◆ WHAT YOU WILL DO: Transcribe the listing exactly as written. Leave the images out.
DATA SEGMENT below:
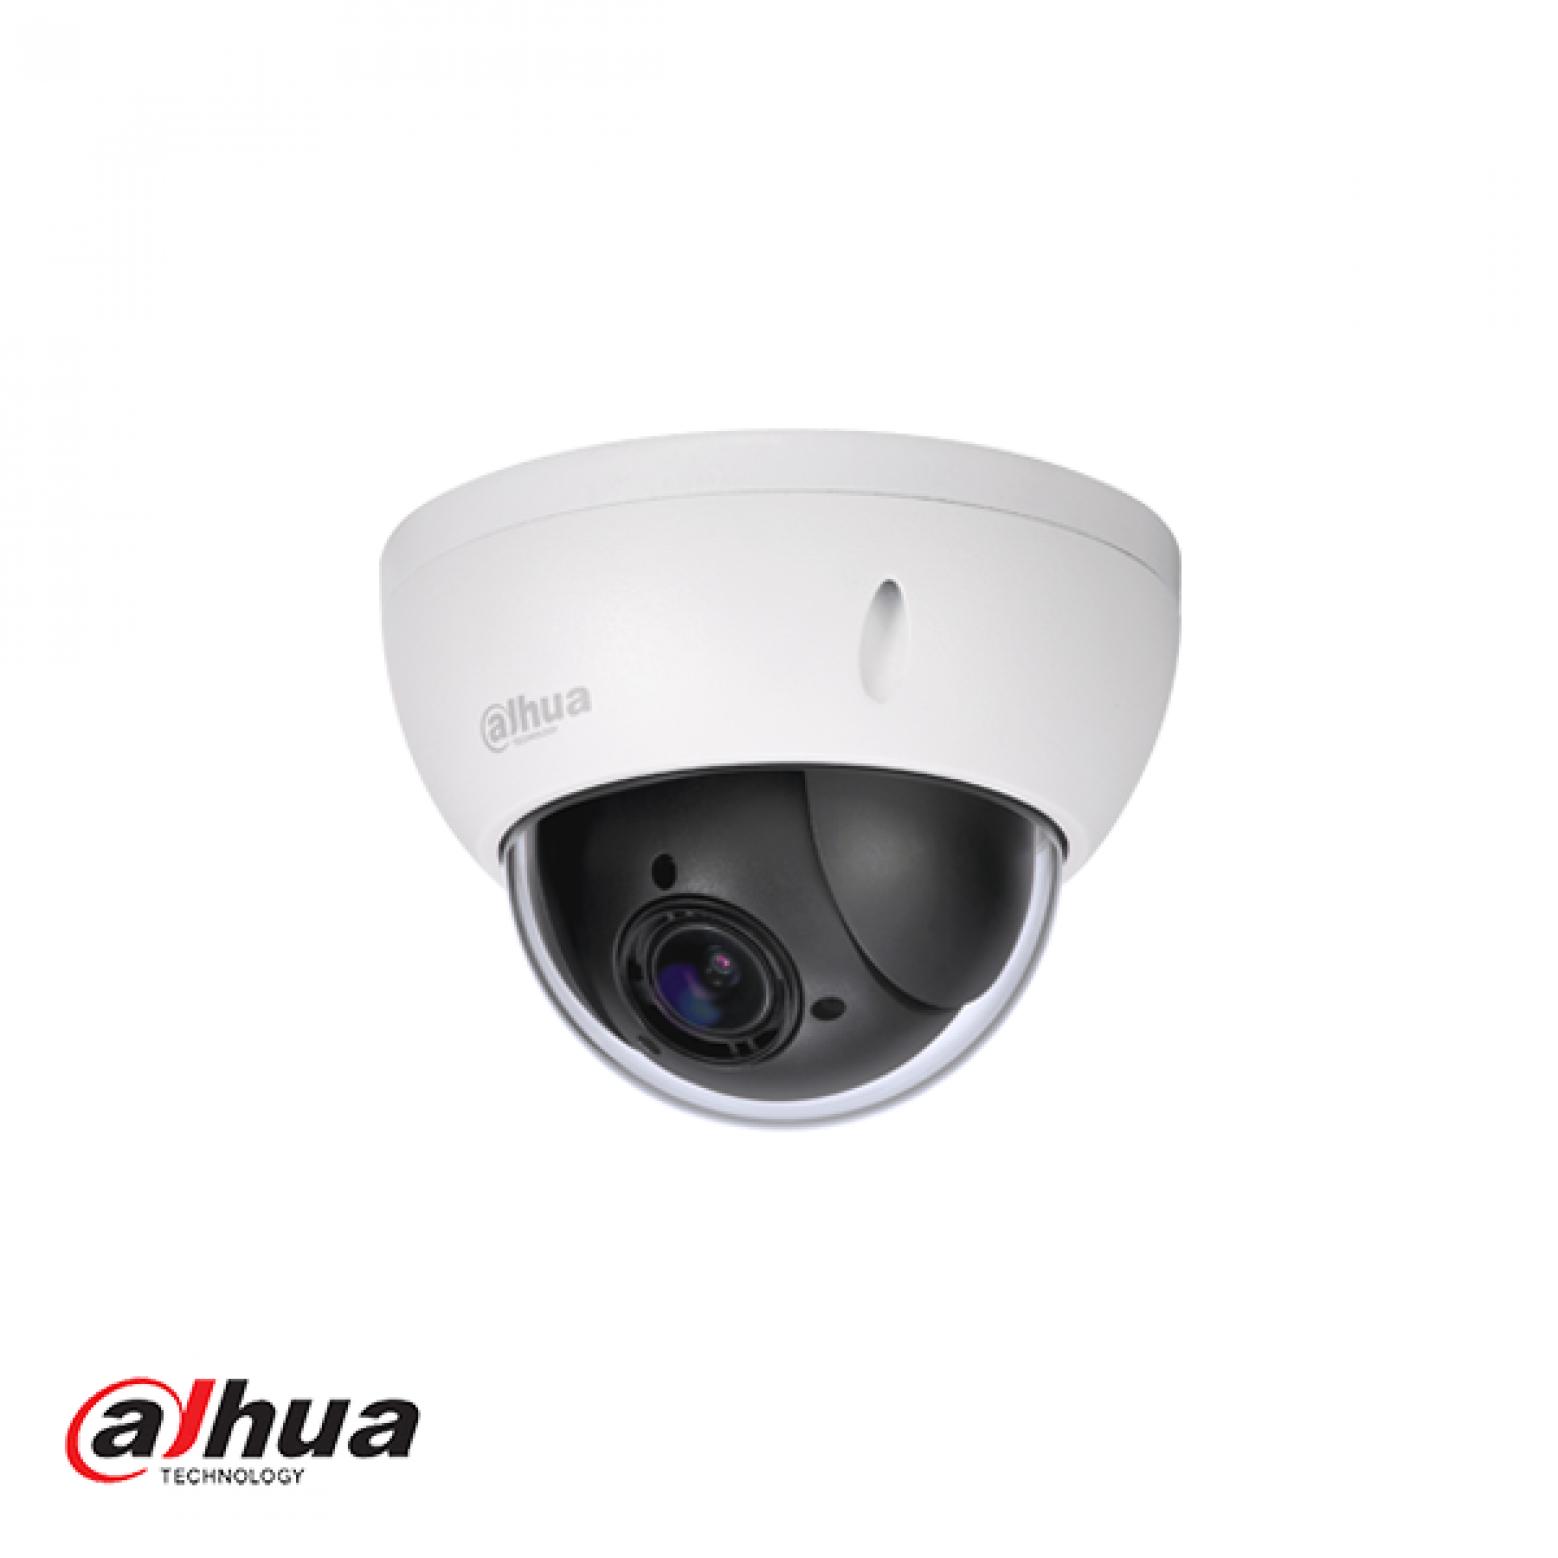 Dahua SD22404T-GN-S2 4MP 4x PTZ Network Camera
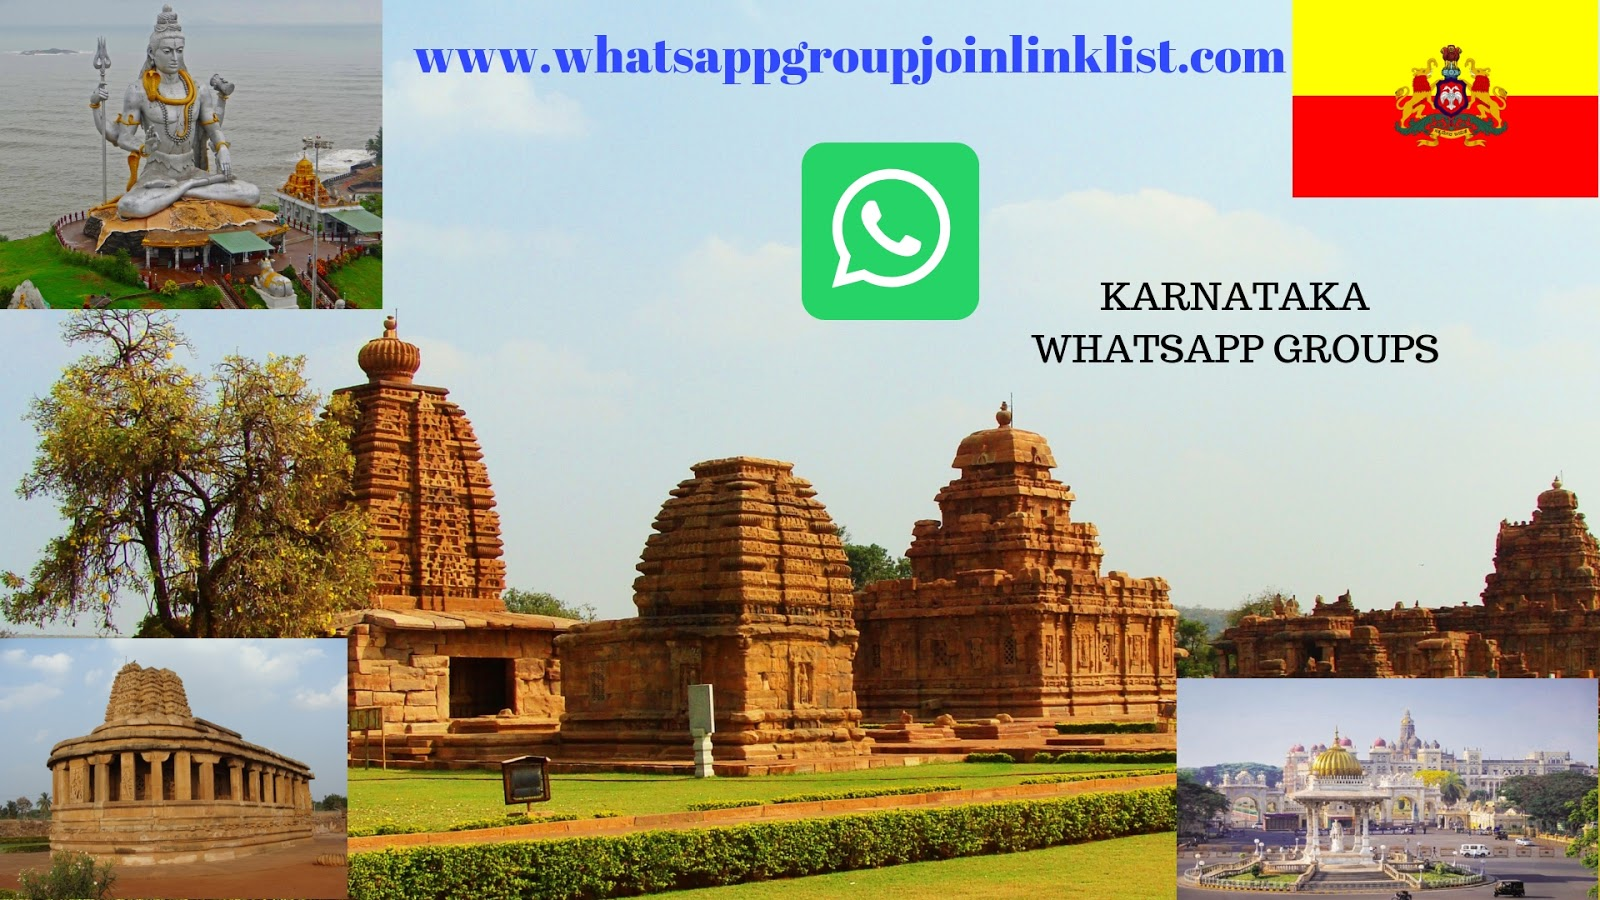 Karnataka WhatsApp Group Join Link List[Kannada WhatsApp Groups]
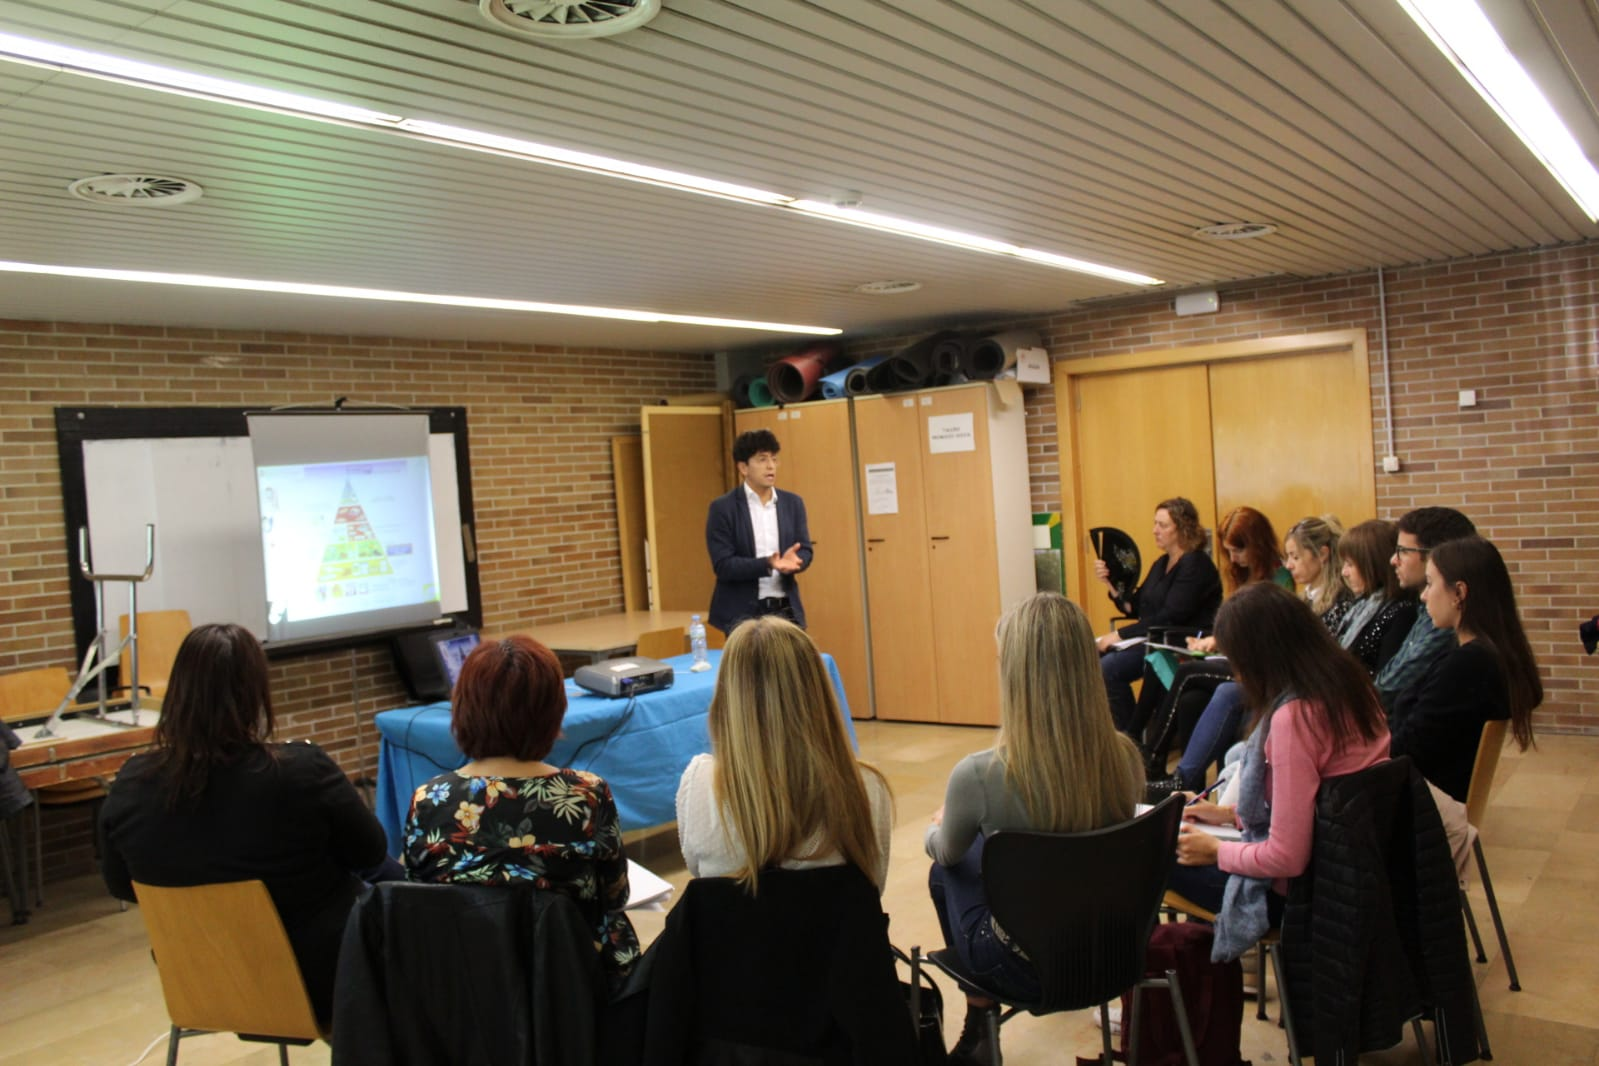 ADC Lleida, formació de diabetis i escola, grup de treball.
End of DATA SEGMENT.
◆ TASK OUTPUT:
 Dahua SD22404T-GN-S2 4MP 4x PTZ Network Camera
 Karnataka WhatsApp Group Join Link List[Kannada WhatsApp Groups]
 ADC Lleida, formació de diabetis i escola, grup de treball.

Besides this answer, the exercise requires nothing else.